🤖 AI Summary
To address the limited audio-visual speech separation performance in multi-speaker co-located scenarios, this paper proposes a plug-and-play cross-speaker attention mechanism—the first to explicitly model collaborative speaking activity cues among multiple co-occurring faces within an audio-visual speech extraction framework. Our method builds upon AV-DPRNN and AV-TFGridNet architectures, incorporating a lightweight module that fuses spatiotemporal visual features with frequency-domain audio representations, supporting arbitrary numbers of input faces. Evaluated on four benchmarks—VoxCeleb2, MISP, LRS2, and LRS3—our approach consistently outperforms baseline methods. Notably, it achieves 1.8–2.3 dB improvements in SI-SNRi under both high-overlap and sparse-overlap conditions, demonstrating superior effectiveness and strong generalization across diverse multi-talker settings.
📝 Abstract
Audio-visual speaker extraction isolates a target speaker's speech from a mixture speech signal conditioned on a visual cue, typically using the target speaker's face recording.
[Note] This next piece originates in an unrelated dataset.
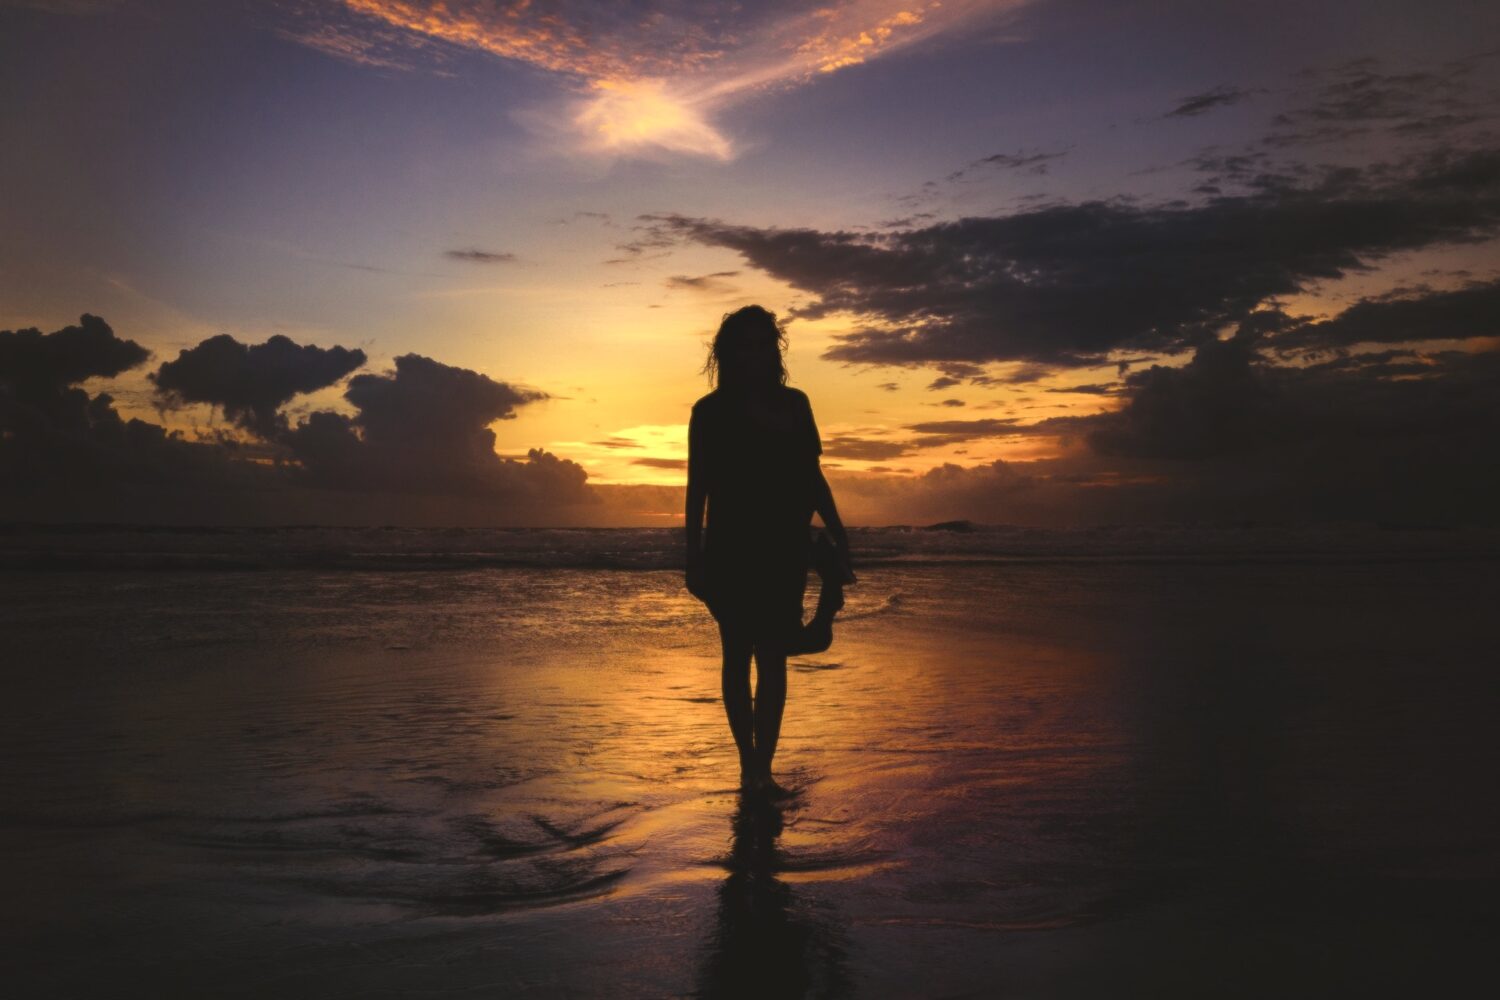 A silhouette of a person standing in the shorebreak at the beach looking out to a sunset

However, in real-world scenarios, other co-occurring faces are often present on-screen, providing valuable speaker activity cues in the scene. In this work, we introduce a plug-and-play inter-speaker attention module to process these flexible numbers of co-occurring faces, allowing for more accurate speaker extraction in complex multi-person environments. We integrate our module into two prominent models: the AV-DPRNN and the state-of-the-art AV-TFGridNet. Extensive experiments on diverse datasets, including the highly overlapped VoxCeleb2 and sparsely overlapped MISP, demonstrate that our approach consistently outperforms baselines. Furthermore, cross-dataset evaluations on LRS2 and LRS3 confirm the robustness and generalizability of our method.